→ WORK TASK: Below, find the line containing "Naked girls babys"; from there to the final line, print every line exactly and skip the pictures.

→ DATA BLOCK:
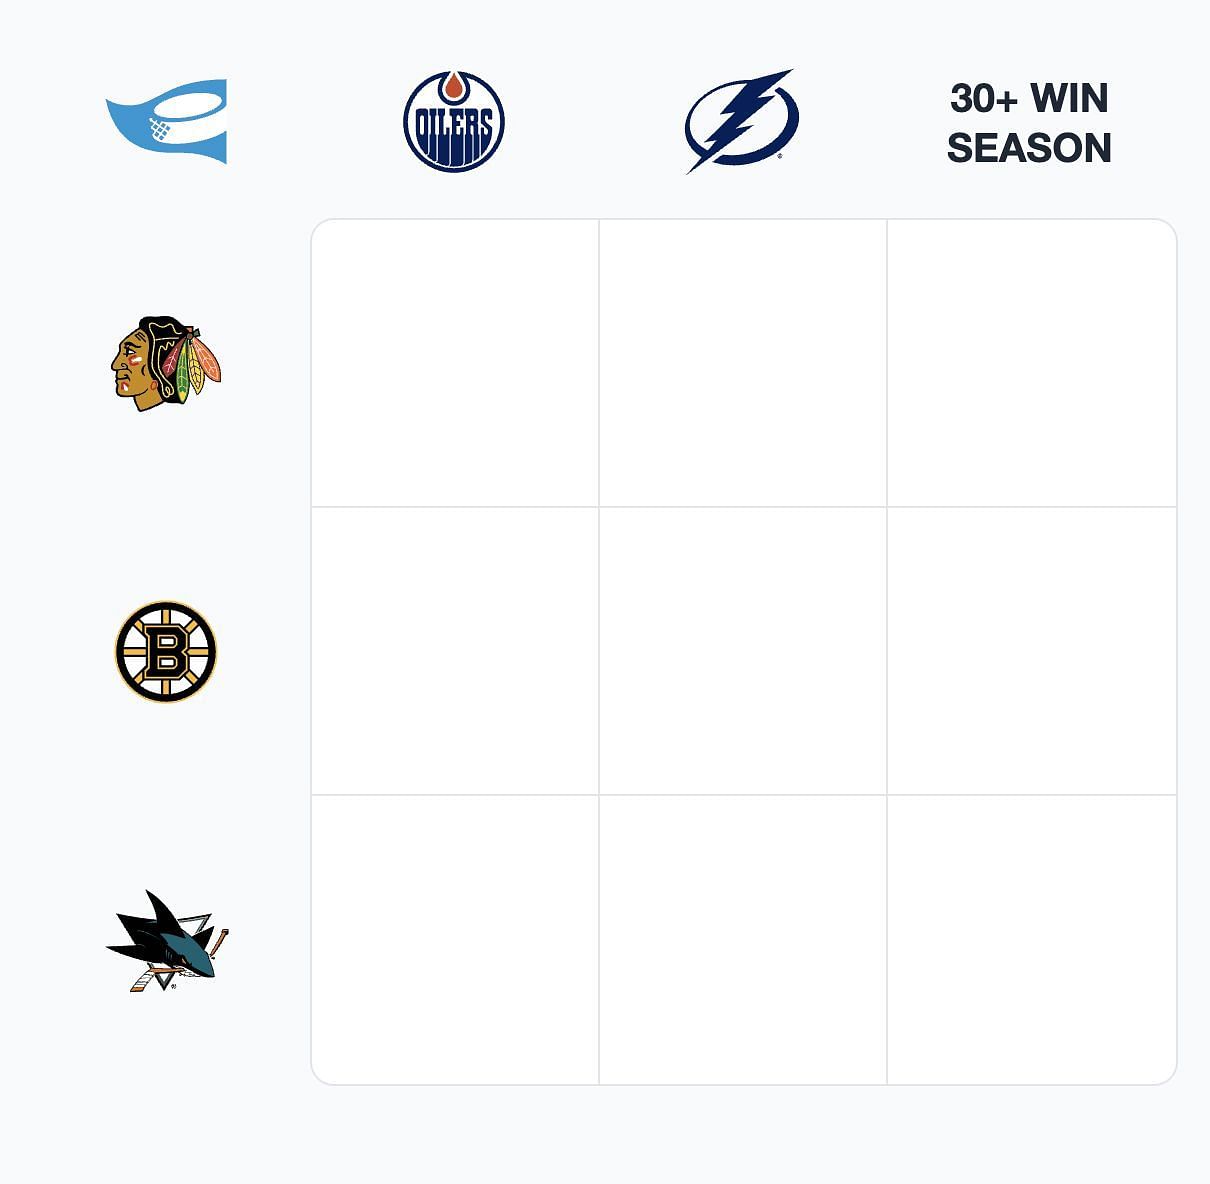 NHL Immaculate Grid answers for September 1
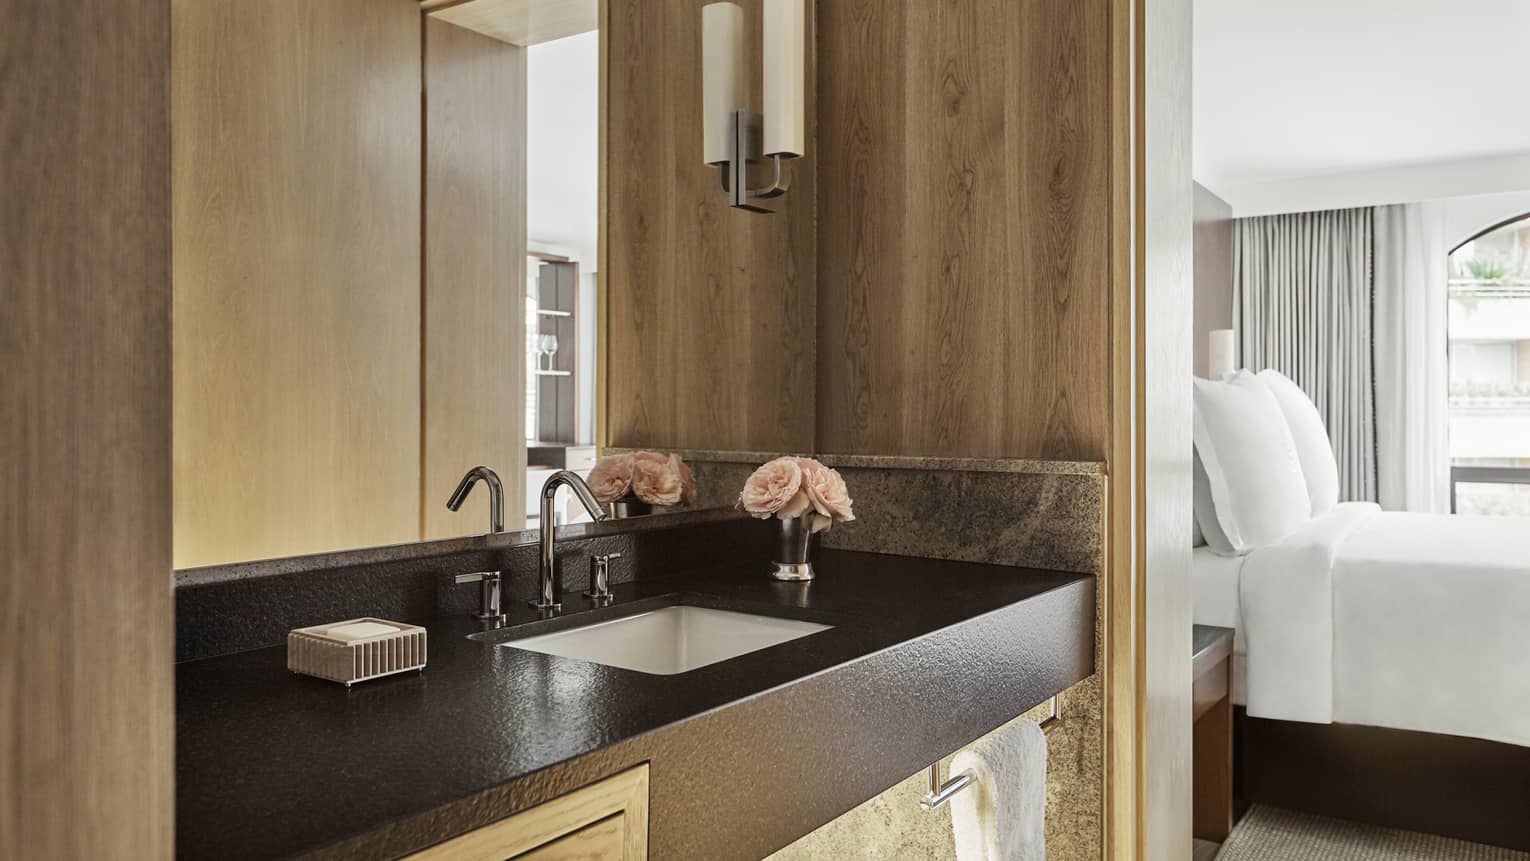 Close-up of bathroom vanity with black counter, sink, wood walls, bedroom visible to side
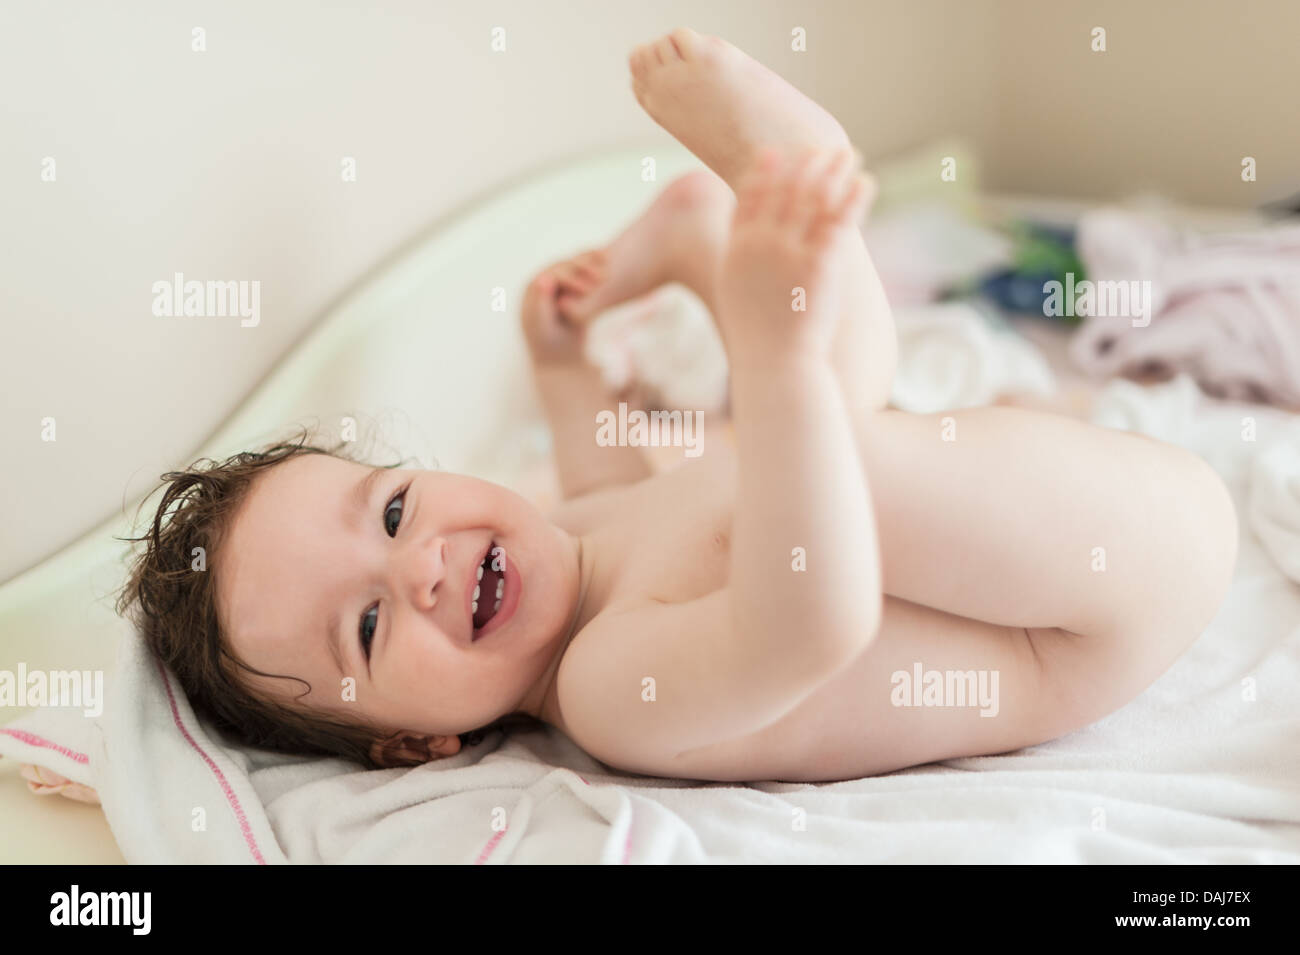 Naked girls babys Cute Nude Baby Girl Lying Down After Shower Stock Photo Alamy
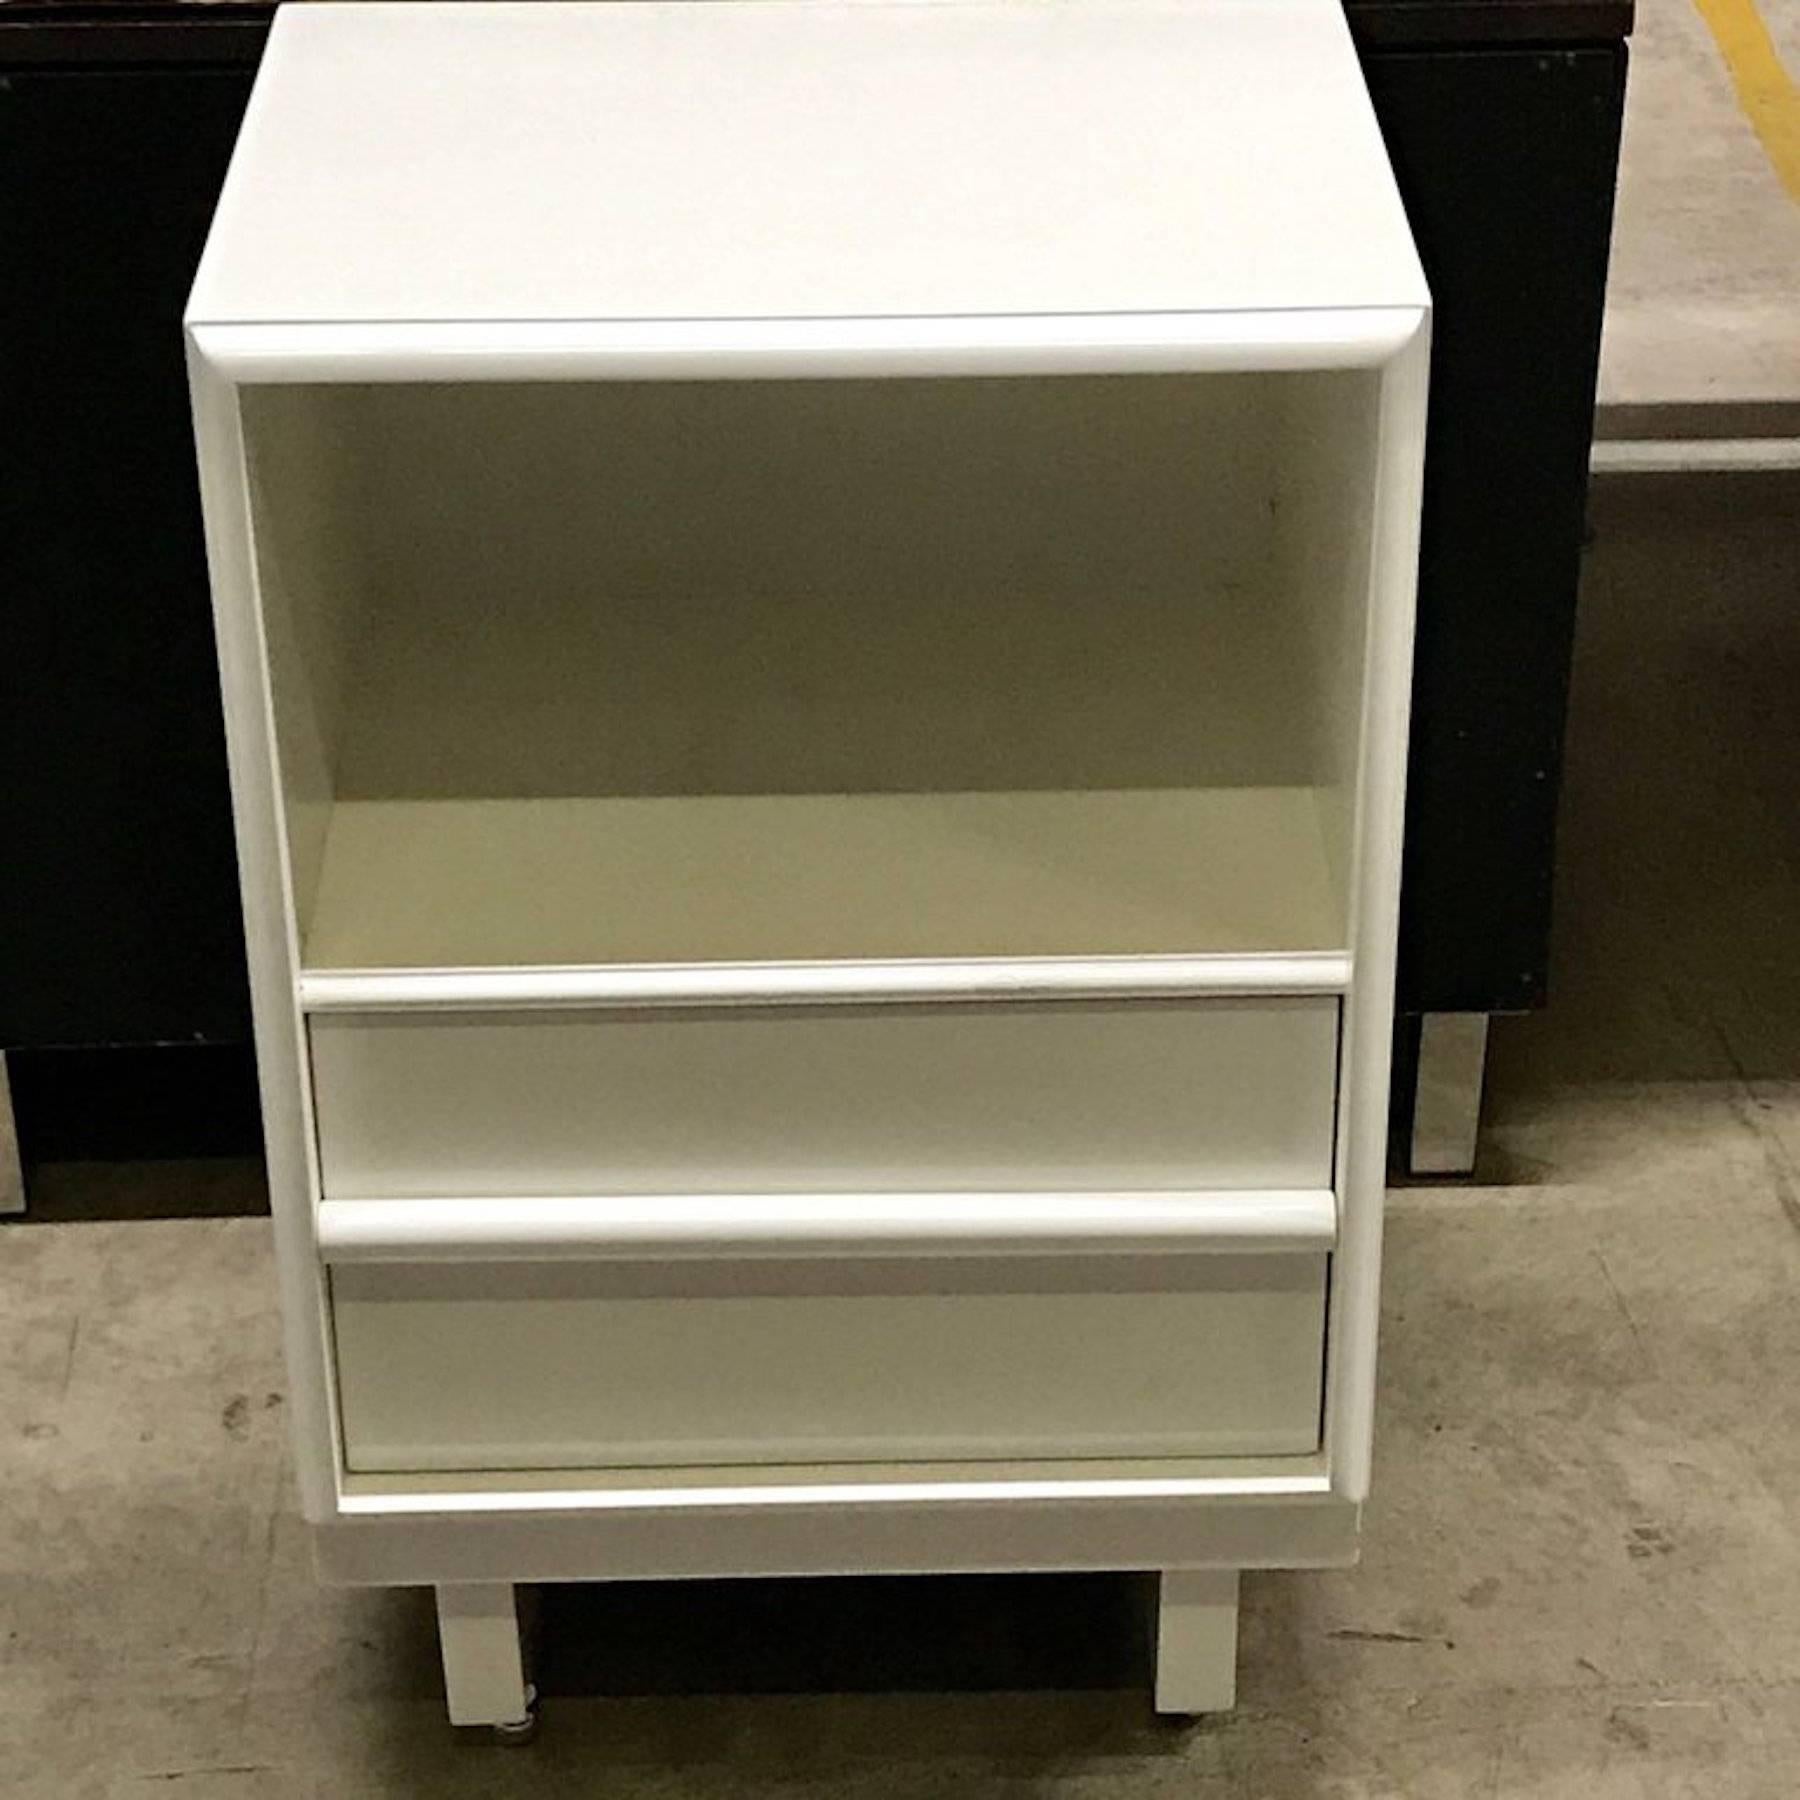 Pair of Robsjohn Gibbons white lacquered nightstands, beautiful lacquered finish. Fitted with one drawer measures 17

→ ANSWER BELOW:
 Naked girls babys Cute Nude Baby Girl Lying Down After Shower Stock Photo Alamy
 Pair of Robsjohn Gibbons white lacquered nightstands, beautiful lacquered finish. Fitted with one drawer measures 17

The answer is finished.